WHAT THE TASK REQUIRES: Beneath this instruction is a block of data; output from it exactly the lines that run from the one containing "Zondervan Five Views" through the one containing "Broschüren mit der", inclusive.

------ GIVEN ENTRIES

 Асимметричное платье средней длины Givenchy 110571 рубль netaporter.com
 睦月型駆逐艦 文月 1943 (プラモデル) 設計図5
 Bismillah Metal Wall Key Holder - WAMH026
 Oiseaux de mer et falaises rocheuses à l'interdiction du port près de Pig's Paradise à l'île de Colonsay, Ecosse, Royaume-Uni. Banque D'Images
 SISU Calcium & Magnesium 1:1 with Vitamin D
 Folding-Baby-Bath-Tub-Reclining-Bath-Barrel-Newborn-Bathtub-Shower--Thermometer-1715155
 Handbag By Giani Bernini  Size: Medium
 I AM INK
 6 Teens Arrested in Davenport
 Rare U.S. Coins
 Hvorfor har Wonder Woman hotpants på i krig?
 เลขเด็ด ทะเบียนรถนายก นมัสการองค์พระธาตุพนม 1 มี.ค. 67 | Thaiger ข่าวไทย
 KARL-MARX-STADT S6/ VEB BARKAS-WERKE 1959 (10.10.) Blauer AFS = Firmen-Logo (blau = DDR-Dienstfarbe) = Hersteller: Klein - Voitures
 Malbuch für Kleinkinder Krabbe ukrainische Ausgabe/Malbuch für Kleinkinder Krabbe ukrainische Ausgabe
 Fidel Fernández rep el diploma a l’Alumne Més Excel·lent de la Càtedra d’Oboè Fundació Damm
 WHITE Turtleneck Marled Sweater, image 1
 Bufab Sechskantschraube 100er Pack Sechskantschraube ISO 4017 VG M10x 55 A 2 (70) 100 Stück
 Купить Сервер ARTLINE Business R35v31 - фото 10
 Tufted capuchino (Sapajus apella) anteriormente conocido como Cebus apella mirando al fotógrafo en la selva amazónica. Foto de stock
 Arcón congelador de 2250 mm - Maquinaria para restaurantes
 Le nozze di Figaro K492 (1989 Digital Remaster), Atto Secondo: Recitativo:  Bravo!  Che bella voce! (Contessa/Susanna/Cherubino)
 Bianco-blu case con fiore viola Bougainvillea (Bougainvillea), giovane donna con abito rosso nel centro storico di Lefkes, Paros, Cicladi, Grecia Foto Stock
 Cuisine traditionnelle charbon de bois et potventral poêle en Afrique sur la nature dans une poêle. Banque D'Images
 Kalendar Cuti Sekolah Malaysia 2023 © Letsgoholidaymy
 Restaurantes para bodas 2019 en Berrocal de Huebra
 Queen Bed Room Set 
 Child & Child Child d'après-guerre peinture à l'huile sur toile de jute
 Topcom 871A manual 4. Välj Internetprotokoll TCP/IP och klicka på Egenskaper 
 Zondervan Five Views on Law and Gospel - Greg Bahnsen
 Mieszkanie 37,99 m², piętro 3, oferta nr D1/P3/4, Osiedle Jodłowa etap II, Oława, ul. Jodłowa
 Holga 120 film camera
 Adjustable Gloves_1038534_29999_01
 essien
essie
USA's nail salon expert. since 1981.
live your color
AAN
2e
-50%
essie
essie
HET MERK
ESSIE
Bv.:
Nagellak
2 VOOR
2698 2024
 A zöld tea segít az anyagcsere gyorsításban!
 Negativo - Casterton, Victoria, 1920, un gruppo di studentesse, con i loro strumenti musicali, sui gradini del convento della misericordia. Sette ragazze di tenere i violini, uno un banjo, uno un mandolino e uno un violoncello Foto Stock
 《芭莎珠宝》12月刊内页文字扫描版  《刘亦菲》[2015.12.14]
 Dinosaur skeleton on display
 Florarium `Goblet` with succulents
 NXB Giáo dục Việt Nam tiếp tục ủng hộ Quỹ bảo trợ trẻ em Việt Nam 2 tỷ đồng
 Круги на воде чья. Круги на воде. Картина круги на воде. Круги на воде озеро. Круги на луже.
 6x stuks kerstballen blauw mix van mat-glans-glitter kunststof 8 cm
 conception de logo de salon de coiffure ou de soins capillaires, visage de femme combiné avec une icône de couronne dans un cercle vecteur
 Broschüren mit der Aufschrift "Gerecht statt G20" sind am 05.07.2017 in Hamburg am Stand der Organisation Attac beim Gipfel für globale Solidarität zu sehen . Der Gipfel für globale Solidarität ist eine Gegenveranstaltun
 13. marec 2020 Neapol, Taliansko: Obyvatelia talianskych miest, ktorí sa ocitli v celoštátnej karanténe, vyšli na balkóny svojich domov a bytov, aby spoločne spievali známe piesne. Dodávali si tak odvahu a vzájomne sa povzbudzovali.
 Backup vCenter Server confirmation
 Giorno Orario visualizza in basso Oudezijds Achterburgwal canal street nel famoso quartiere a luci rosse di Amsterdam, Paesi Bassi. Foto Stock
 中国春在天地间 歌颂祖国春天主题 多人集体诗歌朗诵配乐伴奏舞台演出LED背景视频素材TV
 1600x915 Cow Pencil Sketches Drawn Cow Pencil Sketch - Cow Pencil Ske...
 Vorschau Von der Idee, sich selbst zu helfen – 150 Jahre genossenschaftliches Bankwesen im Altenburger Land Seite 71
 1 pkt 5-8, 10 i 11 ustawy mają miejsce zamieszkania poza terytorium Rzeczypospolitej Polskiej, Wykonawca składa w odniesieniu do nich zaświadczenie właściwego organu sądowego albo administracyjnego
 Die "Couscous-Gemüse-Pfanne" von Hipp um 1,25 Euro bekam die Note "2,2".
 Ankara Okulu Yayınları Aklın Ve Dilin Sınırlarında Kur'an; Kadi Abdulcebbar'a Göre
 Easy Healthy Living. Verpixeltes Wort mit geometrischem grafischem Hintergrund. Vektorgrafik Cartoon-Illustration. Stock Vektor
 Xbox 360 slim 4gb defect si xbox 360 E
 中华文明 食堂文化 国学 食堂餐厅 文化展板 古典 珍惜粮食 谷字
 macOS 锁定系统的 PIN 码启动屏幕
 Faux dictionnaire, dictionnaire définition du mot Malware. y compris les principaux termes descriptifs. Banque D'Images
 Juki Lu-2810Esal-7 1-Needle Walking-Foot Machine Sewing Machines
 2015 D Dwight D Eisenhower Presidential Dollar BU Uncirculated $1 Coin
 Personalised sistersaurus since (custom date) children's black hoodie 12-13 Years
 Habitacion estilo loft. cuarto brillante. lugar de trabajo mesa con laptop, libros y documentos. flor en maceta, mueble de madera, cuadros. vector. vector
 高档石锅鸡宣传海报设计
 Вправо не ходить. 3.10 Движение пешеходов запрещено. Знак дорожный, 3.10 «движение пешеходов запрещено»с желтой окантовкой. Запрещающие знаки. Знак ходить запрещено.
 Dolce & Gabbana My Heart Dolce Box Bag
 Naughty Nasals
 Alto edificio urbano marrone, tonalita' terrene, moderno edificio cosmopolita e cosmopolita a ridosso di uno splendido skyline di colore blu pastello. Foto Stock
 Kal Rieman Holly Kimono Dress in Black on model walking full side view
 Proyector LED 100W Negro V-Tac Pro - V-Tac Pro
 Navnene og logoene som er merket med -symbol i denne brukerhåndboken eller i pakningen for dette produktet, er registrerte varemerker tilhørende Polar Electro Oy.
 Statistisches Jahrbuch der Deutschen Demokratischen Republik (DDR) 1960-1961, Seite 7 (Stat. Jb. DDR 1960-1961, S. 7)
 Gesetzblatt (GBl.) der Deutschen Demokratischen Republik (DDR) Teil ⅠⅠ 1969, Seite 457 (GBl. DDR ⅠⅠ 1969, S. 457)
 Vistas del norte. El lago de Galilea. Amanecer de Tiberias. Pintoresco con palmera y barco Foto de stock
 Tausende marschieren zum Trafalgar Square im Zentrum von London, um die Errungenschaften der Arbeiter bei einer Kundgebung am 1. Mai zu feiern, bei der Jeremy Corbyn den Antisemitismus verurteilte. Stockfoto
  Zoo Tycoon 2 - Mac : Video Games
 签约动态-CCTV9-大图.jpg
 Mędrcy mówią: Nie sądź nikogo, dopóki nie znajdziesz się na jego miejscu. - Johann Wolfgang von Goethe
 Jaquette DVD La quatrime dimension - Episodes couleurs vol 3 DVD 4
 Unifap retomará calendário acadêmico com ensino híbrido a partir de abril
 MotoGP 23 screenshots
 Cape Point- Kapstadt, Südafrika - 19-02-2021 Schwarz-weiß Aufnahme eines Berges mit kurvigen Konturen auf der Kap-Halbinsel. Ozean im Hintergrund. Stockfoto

------------

YOUR RESPONSE:
 Zondervan Five Views on Law and Gospel - Greg Bahnsen
 Mieszkanie 37,99 m², piętro 3, oferta nr D1/P3/4, Osiedle Jodłowa etap II, Oława, ul. Jodłowa
 Holga 120 film camera
 Adjustable Gloves_1038534_29999_01
 essien
essie
USA's nail salon expert. since 1981.
live your color
AAN
2e
-50%
essie
essie
HET MERK
ESSIE
Bv.:
Nagellak
2 VOOR
2698 2024
 A zöld tea segít az anyagcsere gyorsításban!
 Negativo - Casterton, Victoria, 1920, un gruppo di studentesse, con i loro strumenti musicali, sui gradini del convento della misericordia. Sette ragazze di tenere i violini, uno un banjo, uno un mandolino e uno un violoncello Foto Stock
 《芭莎珠宝》12月刊内页文字扫描版  《刘亦菲》[2015.12.14]
 Dinosaur skeleton on display
 Florarium `Goblet` with succulents
 NXB Giáo dục Việt Nam tiếp tục ủng hộ Quỹ bảo trợ trẻ em Việt Nam 2 tỷ đồng
 Круги на воде чья. Круги на воде. Картина круги на воде. Круги на воде озеро. Круги на луже.
 6x stuks kerstballen blauw mix van mat-glans-glitter kunststof 8 cm
 conception de logo de salon de coiffure ou de soins capillaires, visage de femme combiné avec une icône de couronne dans un cercle vecteur
 Broschüren mit der Aufschrift "Gerecht statt G20" sind am 05.07.2017 in Hamburg am Stand der Organisation Attac beim Gipfel für globale Solidarität zu sehen . Der Gipfel für globale Solidarität ist eine Gegenveranstaltun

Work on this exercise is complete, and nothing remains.